2. Direct mental perspective. Center your mind. Investing the time and energy in centring practices like self-reflection and meditation during difficult times pays off handsomely, as scientific studies conducted by the ‘Mind Fitness Training institute’ show. It affords greater mental clarity and can be the source of out-of-the-box thinking, necessary to solve your most vexing problem.
Nicholas Woodman’s surfing trip had the unexpected benefit of centring his mind. It was on the trip that he ran into inspiration for the GoPro action camera.
3. Adopt a growth mindset. Faced with setbacks, it is natural to fall into a fixed mindset, and second-guess our abilities or intelligence. Psychologist Carol Dweck observed that people with a fixed mindset compare themselves with others and turn their energy inward and away from solving the problem, whereas those that constantly remind themselves that they need to be fluid and adaptable – that they are on a learning journey – have the advantage.

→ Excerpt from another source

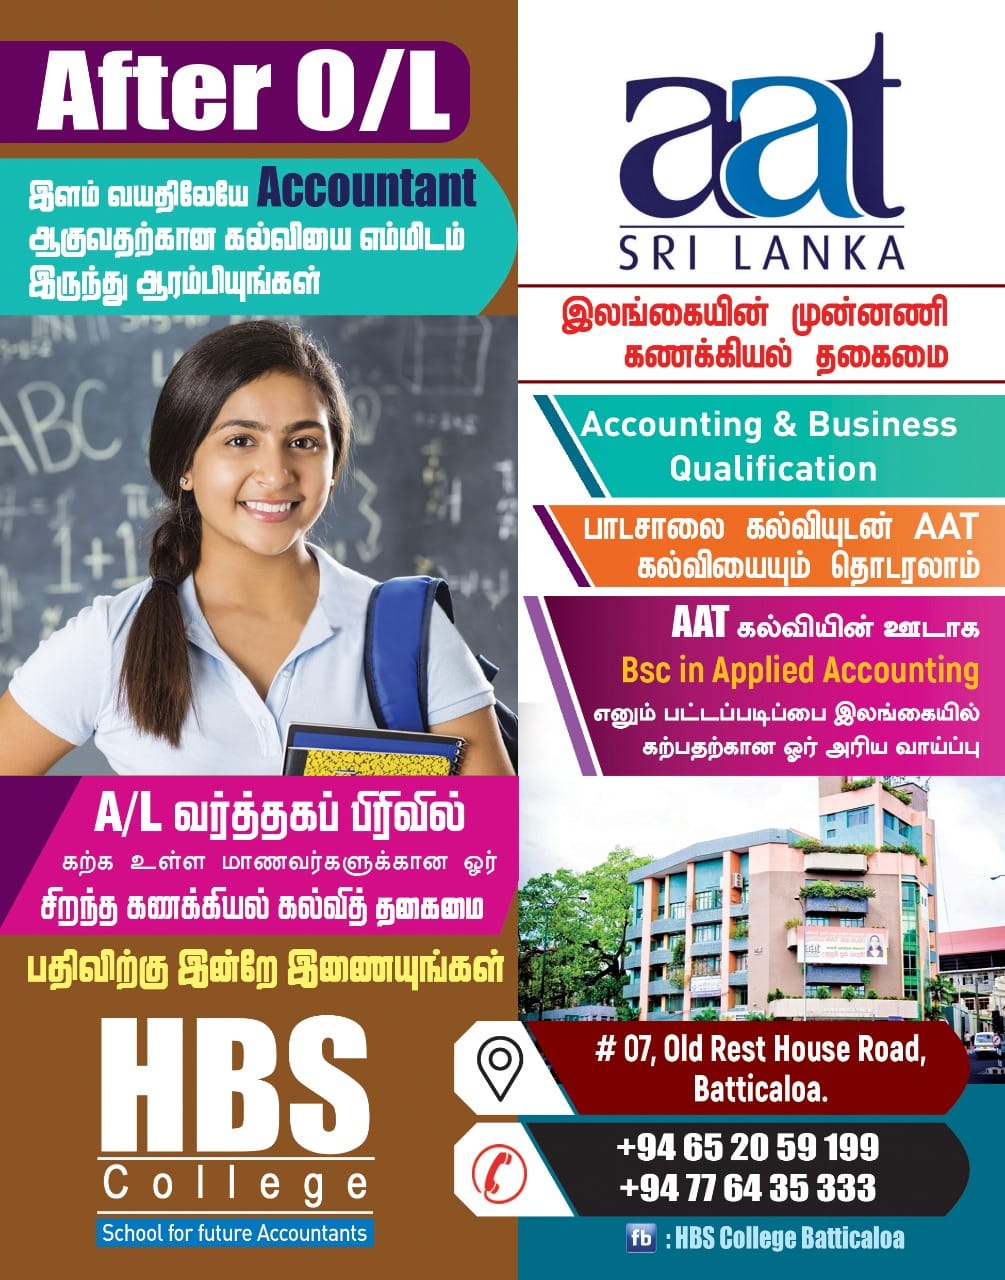 After O/L AAT Accounting Course in HBS College Batticaloa Accounting Course Details

After the surfing trip, a rejuvenated Nicholas Woodman pummeled through 18-hour workdays, relentlessly developing his newest idea to perfection: the GoPro, totally committed to succeeding.
Lastly,
4. Pay attention to relationships.
When he was working the GoPro camera design, Woodman and his future wife Jill financed the business by selling shell necklaces they bought in Bali. His mother loaned him $35,000 and let him borrow her sewing machine, which he used while experimenting with early GoPro designs. His dad, an investment banker, loaned him $235,000. All instrumental in getting GoPro off the ground.
It must be noted here that Woodman could draw upon these relationships as his support system only because he had nurtured it all along. Strengthen your own support systems while the going’s good. You’ll need it.
Woodman was once GoPro’s only employee. Through sheer resilience, today he is the billionaire owner of the fastest-growing camera company in America.
What about you? How ripped is your resilience muscle?